Amazon Getting Bigger Slice of Online Spending Pie, Data Suggest

SEATTLE (The Seattle Times/TNS) —

Amazon has seen its already dominant share of online shopping rise in the walk-up to the final days of the year-end shopping season, says e-commerce consultancy Slice Intelligence.

Data gathered by the consultancy indicated that 46 percent of online spending during the week ending Dec. 17 went to Amazon, up from 42.3 percent the previous week.

That’s way more than any other retailer selling online, according to Slice. The runner-up was Best Buy, which accounted for 2.9 percent of online spending. Amazon’s nemesis Wal-Mart came up third, with 2.6 percent.

The average Amazon order was $67.

Slice Intelligence says it mines data from email receipts from hundreds of thousands of retailers and also tracks a large panel of online shoppers. The company also tracked how quickly packages land on customers’ doorsteps.

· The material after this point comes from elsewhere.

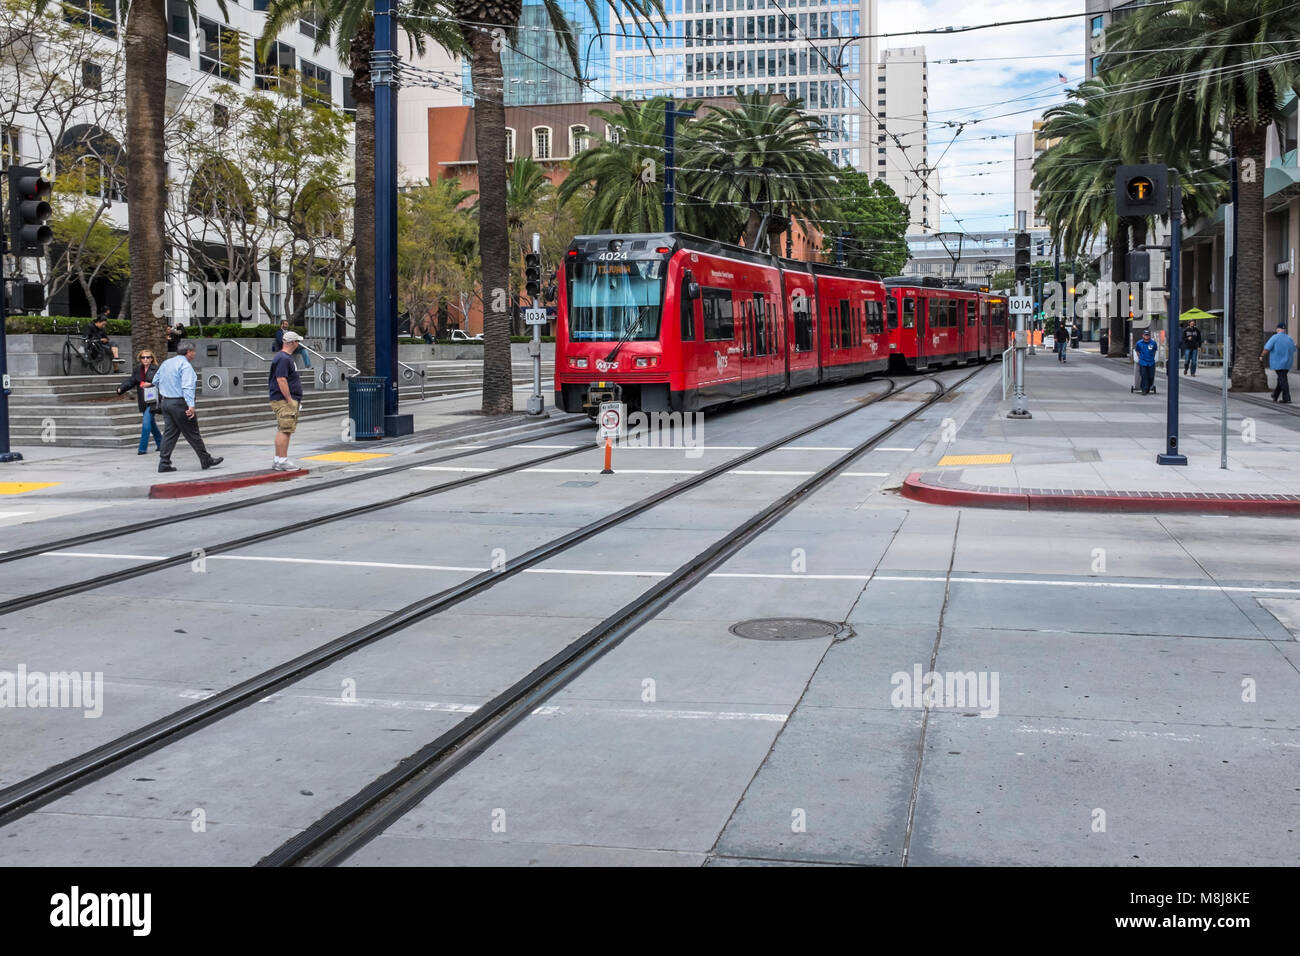 SAN DIEGO, CALIFORNIA, USA - Red Trolley train of the San Diego Metropolitan Transit System in the Downtown sector of the city. Stock Photo

The average package from sellers took three days to deliver versus five days last year.

That’s despite what carriers say are record shipments.

Experts have said that since the beginning of the critical year-end shopping season, shipments are up 12 percent.

The Slice numbers show a couple of things. First, more aggressive online retail efforts by competitors don’t seem to have eroded Amazon’s dominance.

Also, the logistics problems that have frustrated year-end shoppers in recent years seem to have been kept in check due to massive investment by Amazon and by third-party carriers such as FedEx and UPS.